Voltage and temperature are the likely factors to trigger the effect at a particular time. A simple max/min reading voltmeter will show if the voltage at the fittings is dropping unusually low at the crucial time, and a digital thermometer stuck to the ballast will show if that hits an abnormal peak. The fact that it's the innermost tubes may suggest temperature, but only with a larger number of fittings (e.g 10 doing the same) would it be statistically significant. At the moment it is annoying but there haven't been enough failures to show a clear pattern.
If the voltage is marginal, then one or other ballast or tube pair that is hotter or colder might react to the low volts before the other, and this also might mean that the fitting furthest from the board is not the worst affected. Connecting a variac into the DB so that you can vary the circuit voltage would give you a chance to provoke, or avoid the effect. Even taking a fitting down and plugging it into a variac might rule out voltage effects, if you can prove that it works reliably well below the lowest voltage seen on the circuit. Sylvania technical might be able to tell you how the ballast is supposed to behave if it sees out-of-spec conditions, e.g. shut down until power-cycled, retart after 5 seconds etc.
If the voltage is not particularly low, and from your description it doesn't sound as though it will be, there might be some disturbance on the supply that these fittings are more sensitive to than anything else in the building. Only a power quality analyser will reveal that, and again there might have to be a coincidence e.g. hottest fitting + oldest tubes + power disturbance, before anything shows up.

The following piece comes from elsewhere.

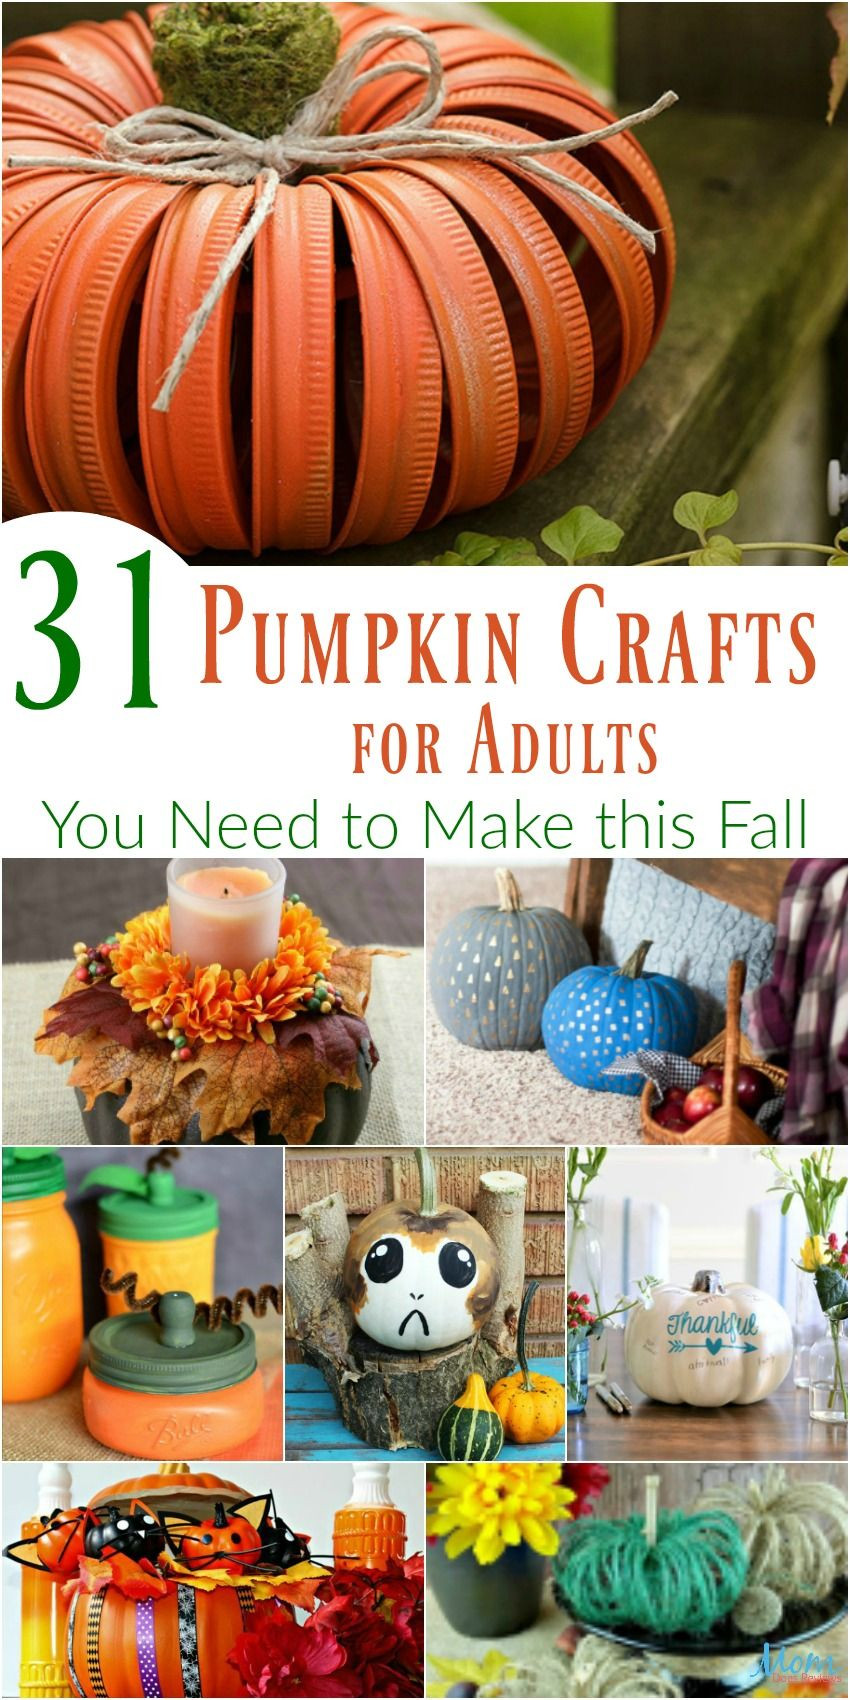 Fun Crafting Ideas For Adults
 31 Pumpkin Crafts for Adults You Need to Make this Fall

If you can swap ballasts and tubes, it might be worth interchanging a good set with a bad one to discover whether the problem moves or remains at the same fitting. That doesn't help the customer immediately but at least gives a clue as to what step to take next. If the ballasts are ageing prematurely, and they are all from the same batch, they might all start to do it at random times over the next year or two. Sylvania have replaced the failed ones so far, probably for their own peace of mind, but may not have done a detailed analysis of the ballast internals. They might have said they can't find a problem, but there could still be a subtle failure mode that will creep up on all the fittings, such as a rogue batch of capacitors that lose performance rapidly.